Dog Con 7
Day 5: In which we see more (teddy) bears, Flash goes flying and we visit the Giant Jesus of the North
Today was fun, starting at around 10:30 when Sasha woke Flash and Leon out of a deep sleep by yelling “BEARS!” There was much laughing on the part of the other critters and maybe some humans. I did make Sasha clean up the boys poop.
(Flash: Fuck you guys! That was just not right!)
(Leon: I was dreaming about bears! I almost had a heart attack!)
(Daisy: The best part was when they both ran headfirst into that SmartBot.)
(Lulu: And it teleported them into the Meadow Room. Heeheehee.)
(Sasha: That was payback for the time you two wankers told me the cold fusion plant was heating up.)
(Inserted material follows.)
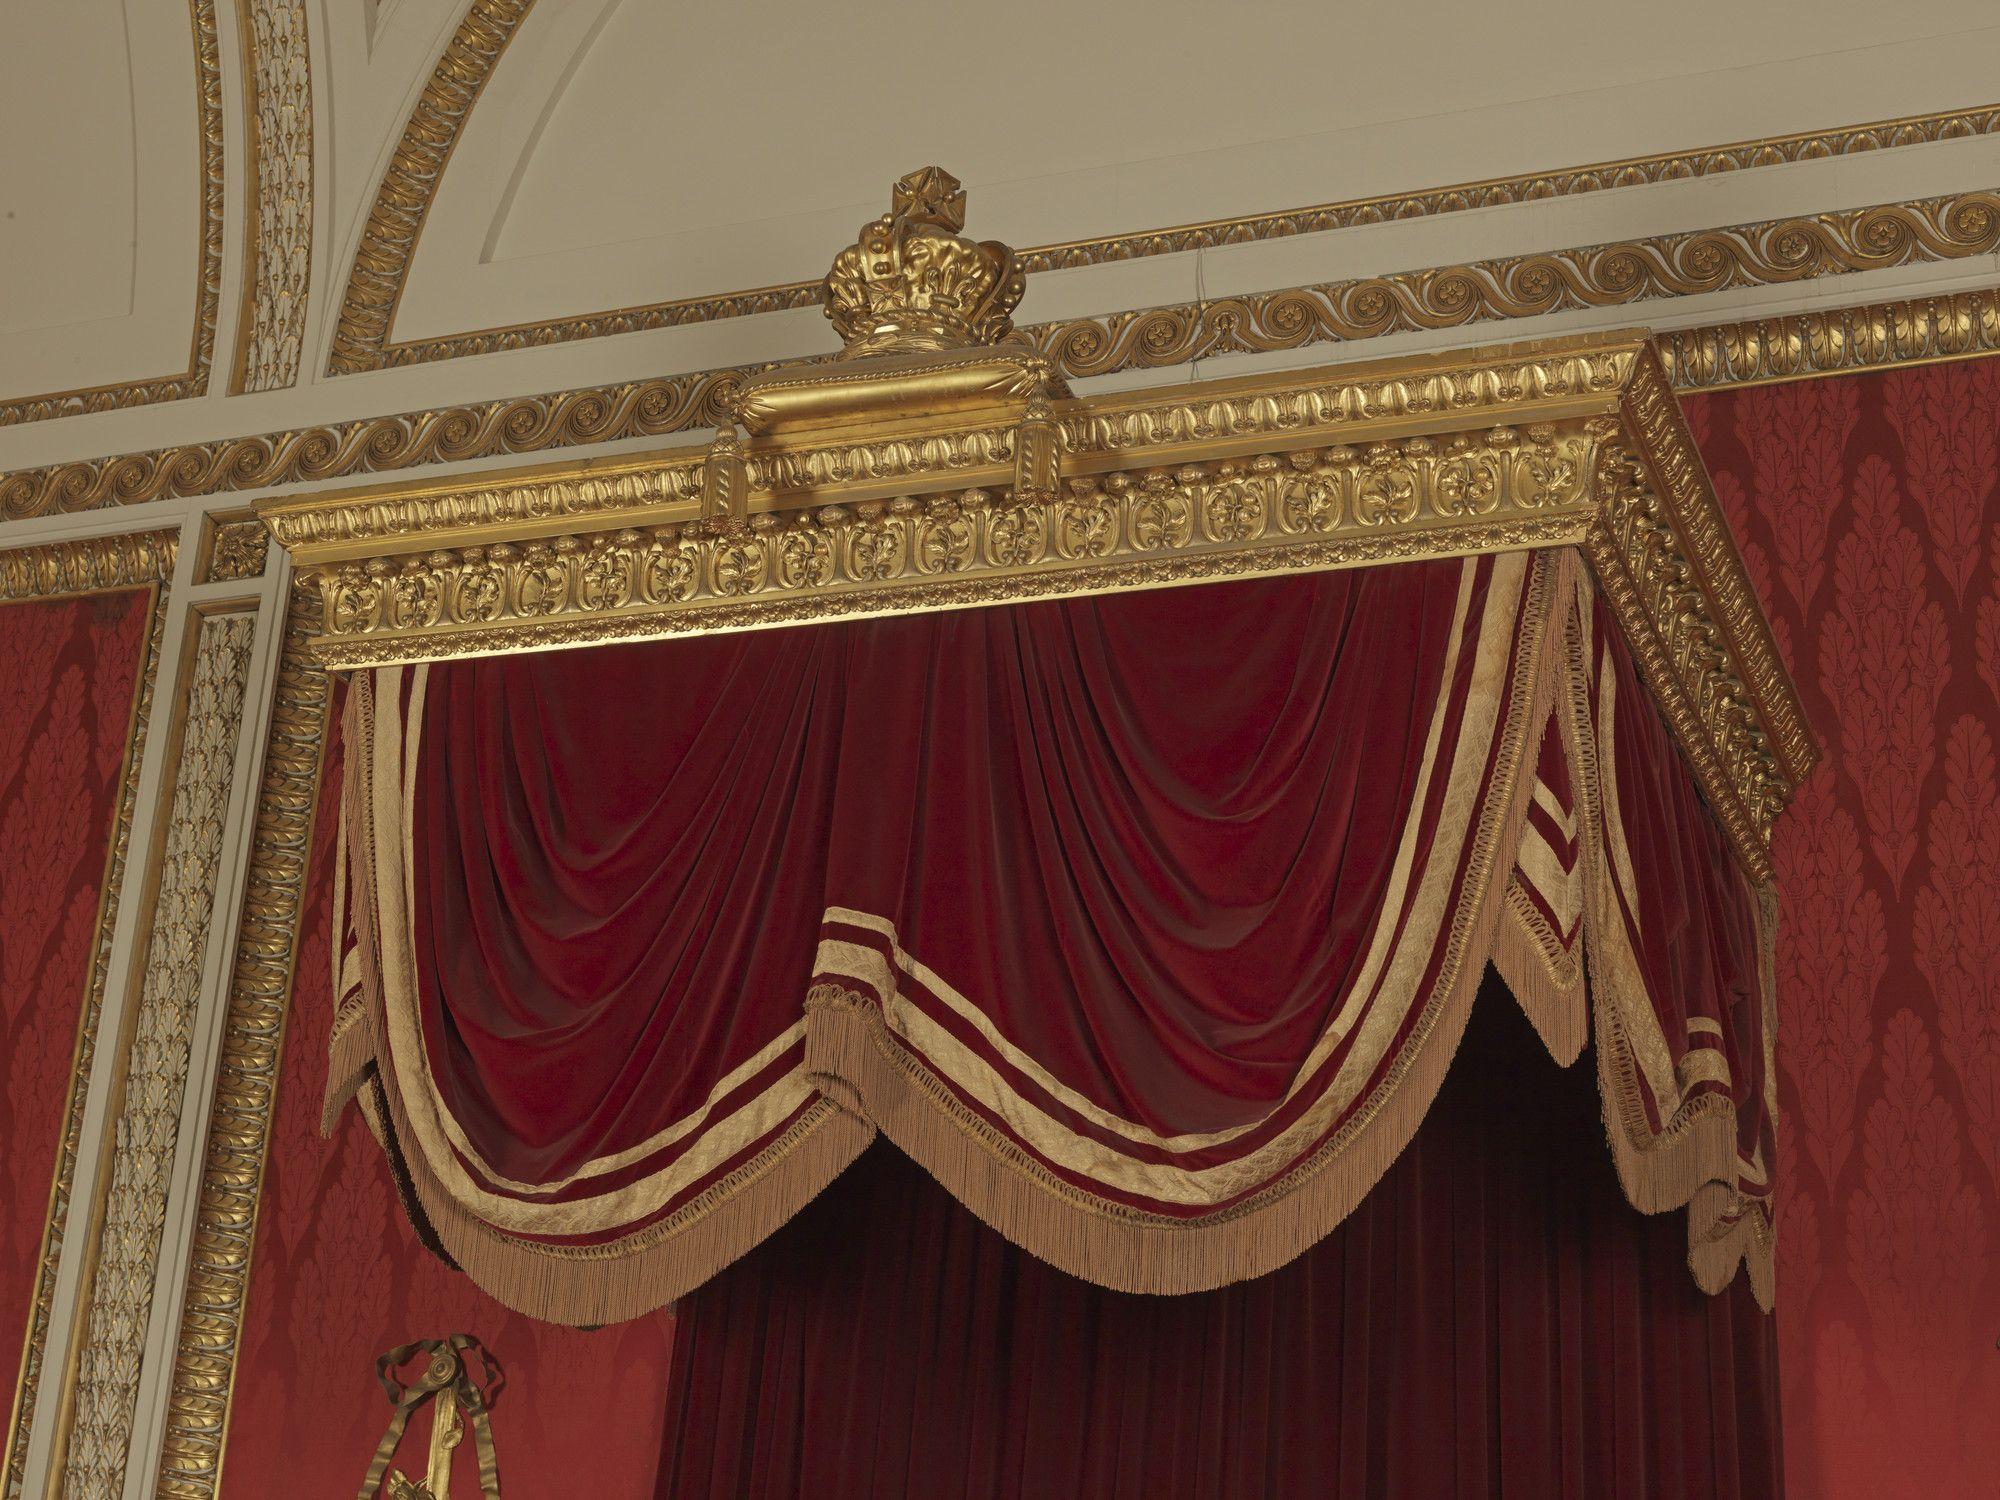 Throne canopy & Throne canopy | Buckingham Palace | Pinterest | Canopy Buckingham ...

Our first stop did involve bears, but of the teddy nature, not the cat devouring type. It was the World Famous Canadian Teddy Bear Museum and yep, it’s full of teddy bears.
250,000 of them.
There are teeny tiny bears, very old bears, humongous big bears (9+ meters tall!), ordinary bears, strange bears…pretty much every kind of teddy bear you can imagine, plus many more you can’t imagine (Vulcan & Klingon bears, Lovecraftian bears). The displays are very nice and you can pose with many of the larger bears. Brian, Lauren, Mary and I all posed with our heads inside various bear mouths. Avis posed with a James Bond bear. Daisy posed with all 13 Doctor bears and all of the Trek bears.
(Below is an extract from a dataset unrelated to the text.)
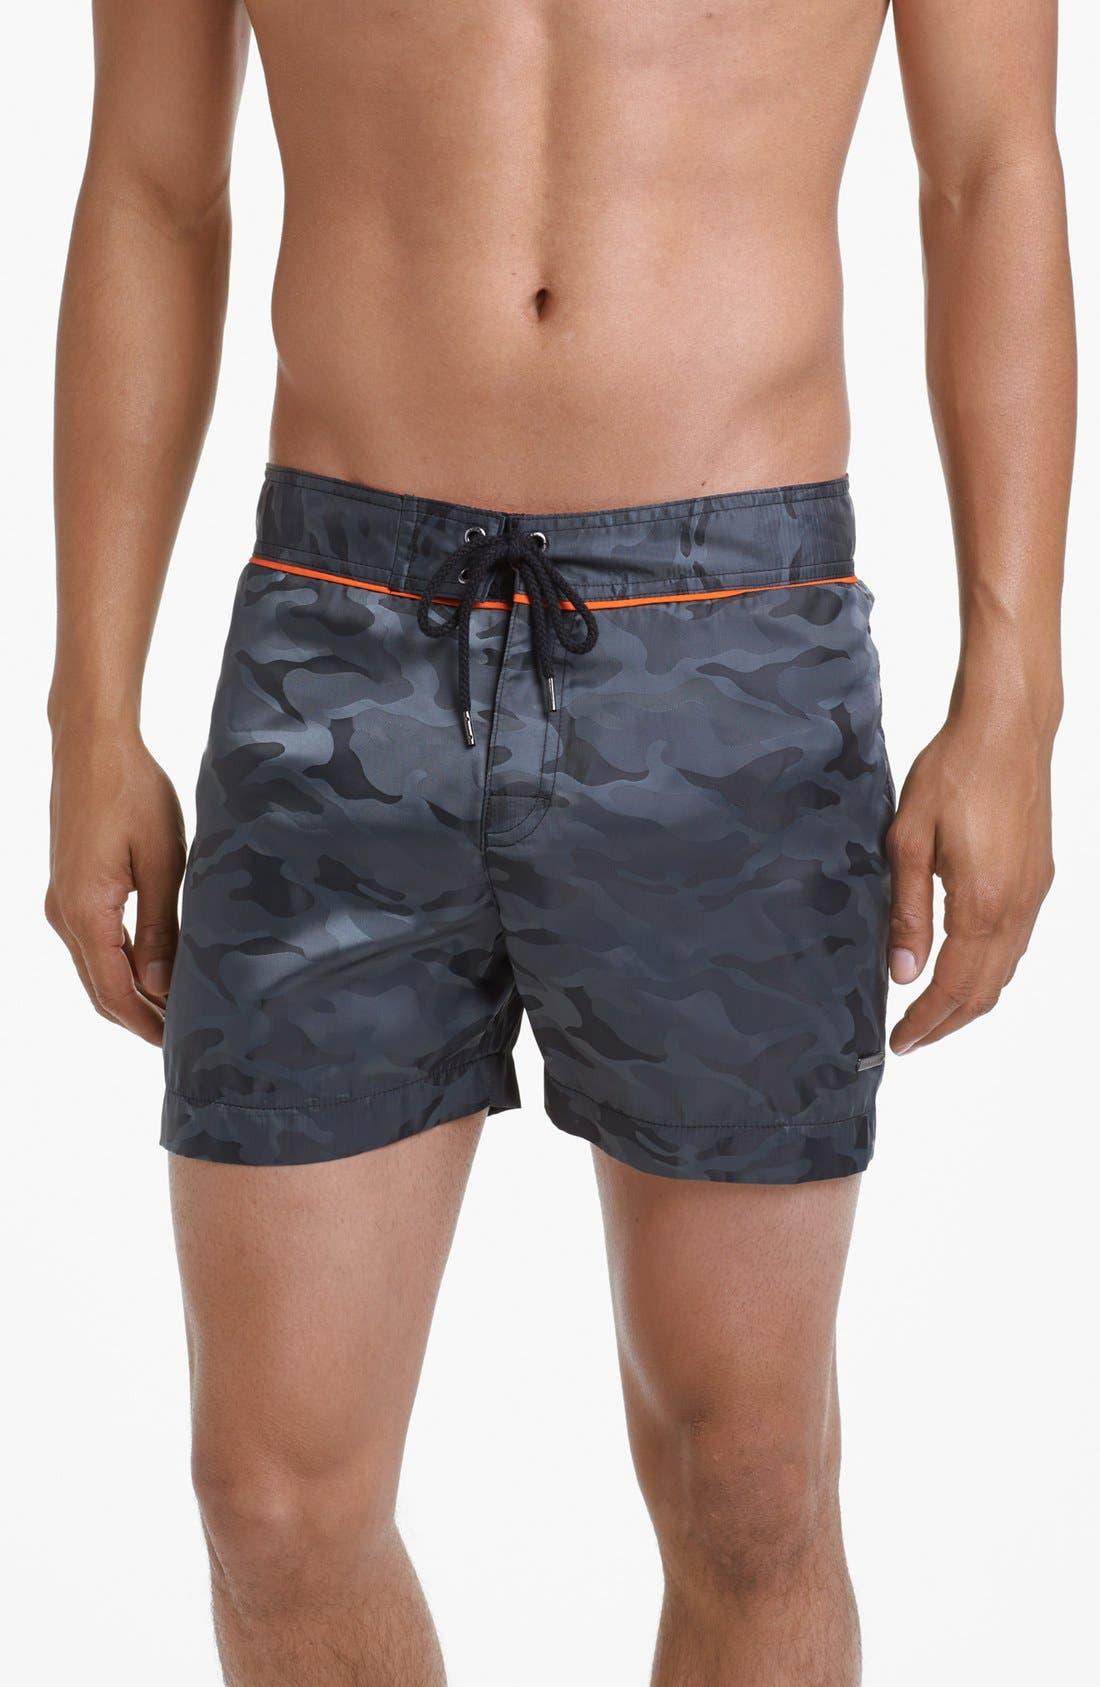 Alternate Image 1 Selected - Parke & Ronen Classic Camo Print Swim Shorts

We bought t-shirts, bumper stickers, fridge magnets, the Teddy Bear Museum book and, yes, teddy bears.
After that stop, we ate lunch next to a beaver pond.
(Leon: OK, so they aren’t giant prehistoric mice.)
(Flash: They looked tasty, but man, those teeth.)
(Silky: I wish I could swim that well.)
After lunch, we traveled for a couple of hours, letting the bus drive itself. Most of us spent the time reading magazines from alternate Earths that we found in the Warehouse. The issues of Time and Newsweek were pretty fascinating, especially the ones about the Zombie Wars and the mass human die off (caused by comet dust) and the Beatles reunion in 1976.
Around about 2:00, the critters all went off to the Shoe Room to play. At some point, Flash got the bright idea to leap off a big pile of shoes onto a very large sneaker and then surf to the bottom of the pile. Unfortunately, about halfway down, the toe of the sneaker hit a buried boot and Flash went flying through the air. Just before he would have smacked headfirst into into the door, Grace opened it to ask if they wanted to come over to the Forest Room to see some deer.
Flash flew over her head, across the hall, through the Forest Room door and right onto the back of a big old buck. They both went racing off into the forest at high speed. About ten minutes later, Flash came staggering back, saying “Whoa! That was SO cool!”. He then went to the living room for a nap
(Daisy: Jazz, you might want to rethink the whole having kittens thing.)
(Sadie: Maybe Sasha & Joe can build you some robot kittens.)
We are now in the far north of British Columbia and only minutes from the Giant Jesus of the North, which we CAN ALREADY SEE! That sucker must be huge. More blogging later.
We are stopped for the night in the town of Gruntly. Not a very large town, but the campground is very nice.
The Giant Jesus of the North was indeed huge. 300 feet tall and perched on top of a tall hill, you can see it from ten or more miles away. It was build and is maintained by the First Church Of Our Lord Jesus In Canada, the founder of which is a multimillionaire.
Old J is made of concrete, steel, marble and glass. He stands with his arms outstretched, as most giant Jesuses do. Thankfully, there are elevators that take you up to his head, from which you get an incredible view. The inside of the head is also just chock full of scripture and stuff.
Down at the inevitable gift shop, we bought the usual suspects. We did pass up the Deluxe Giant Jesus Bibles.
Right now, we’re getting ready to start dinner (TACOS!) and then have a night of alternate world television. Around 2:00 am, the bus will leave Gruntly and head north toward the Yukon and then Alaska.